Mortgage Products: The 15 FRM
In order to understand the theory behind the fixed rate
mortgage, you have to understand the mindset of the mortgage
banker and the mortgage borrower of thirty or forty years ago.
The Great Depression left a tremendous impression on the minds
of this country, so much so, that one of the popular mortgage
products of the turn of the century, the interest only loan, was
shelved, never to be heard from again. Not until the recent
explosion in real estate prices and the mortgage industries
efforts to accommodate home buyers of all types has there been
such mortgage variety.
The trend after the depression, through post-war America, and
really until the late 1990s was the fixed rate mortgage. That's
the type of mortgage the bank offered, and the public generally
didn't consider anything else. Why did so many individuals, as
well as banking institutions popularize the fixed rate mortgage?
This loan type, more than any other product available, was a
security blanket for the banker, and the homeowner. The banker,
offering the mortgage loan, was assured of a 20% down payment
and a secure monthly payment with a fixed interest rate that
would benefit the bank. The homeowner received a set monthly
payment amount that was affordable, and a fixed number of years
to repay the loan, usually 15, 20, or 30.

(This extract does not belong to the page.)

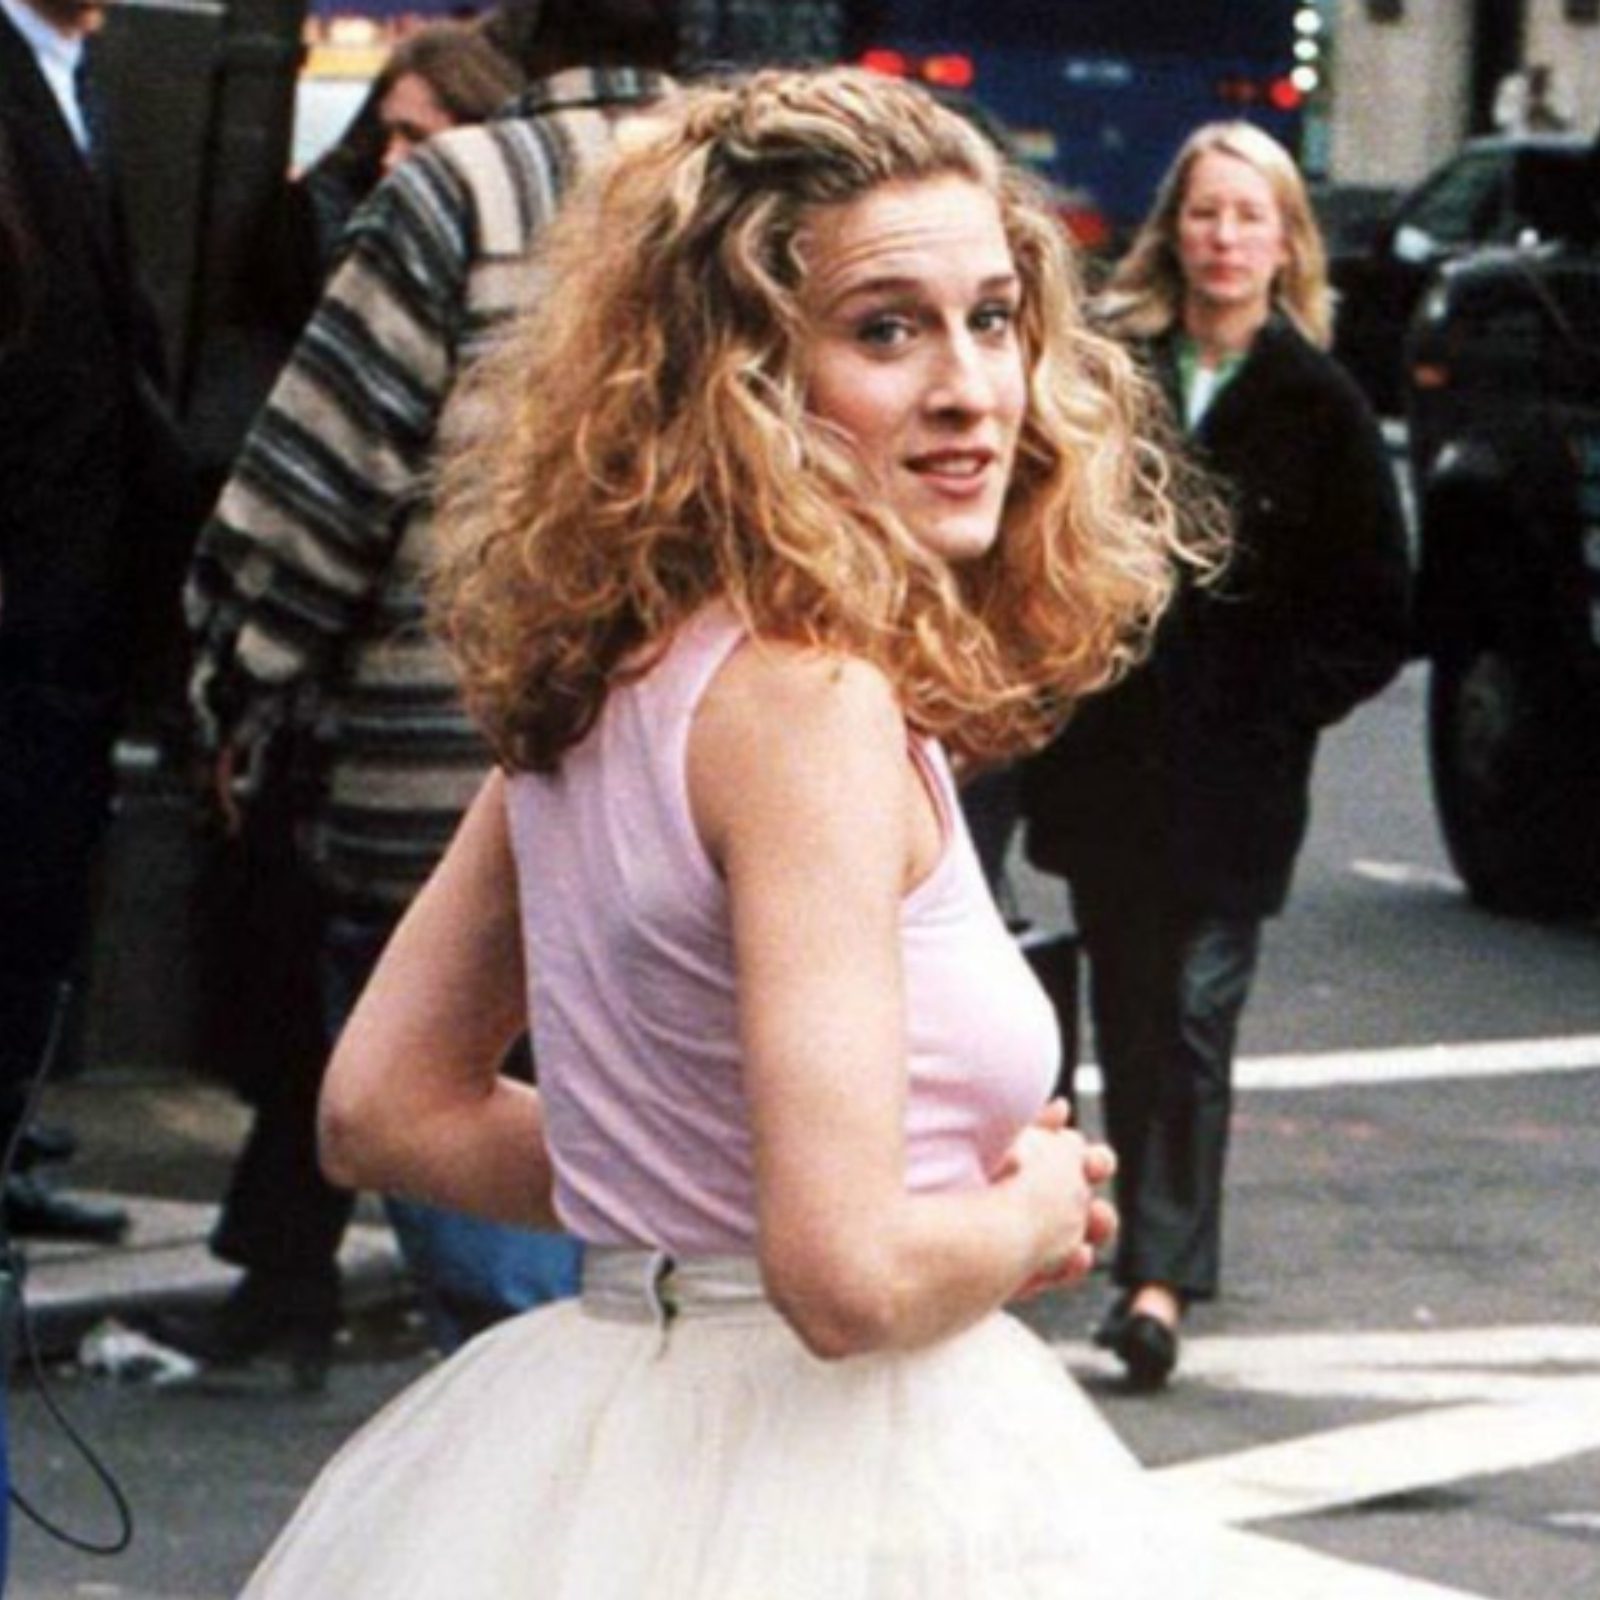 Sex and the City Just Turned 25, And We Couldnt Help But Look Back at Carrie Bradshaws Hair(volution)

This article will discuss the 15 year fixed rate mortgage, and
the advantages offered by the 15 versus the 20 versus the 30
year option. We have really already established the "why" when
it comes to the fixed rate mortgage option in general, but we
need to look at now, the term of the fixed rate mortgage. "Why"
would you choose the 15, or the 20, or the 30? Well it really
depends on two factors: where you are in your life, and what you
can afford.
If you happen to be in your 20s, with a lifetime to pay for your
home, but not a lot of income, and two children to raise the 30
year option would get you the house, with as low a monthly
payment as possible. Granted, you will pay more in interest, but
you won't have to pay out quite as much each month. If money is
tight, a lower payment can mean the difference between buying a
home and renting a home.
If you're in your mid-to-late thirties, still quite a long way
from retirement, the kids are almost grown, and your monthly
income is substantially greater than it was 10 years ago, the 15
or 20 year mortgage would suit your needs. Most often, the
homeowner will choose the 20 year option, and make principal
payments when affordable.
But let's say you're in your late 40s and the amount of time
until retirement is growing ever short; you have your children
raised, and your monthly income is nice to look upon. What
option would you take? For most, it is the opportunity to pay
for the home as quickly as possible, thus the 15 year fixed rate
mortgage is the mortgage of choice.
Many homeowners who purchase a home in their mid-to-late forties
are purchasing their second home; some even have a substantial
amount of equity, or down payment for the home. If this is the
case, the 15 year fixed rate mortgage, works to an even greater
advantage, in that the homeowner has substantial equity, a
lowered monthly payment, and a preset monthly payment amount.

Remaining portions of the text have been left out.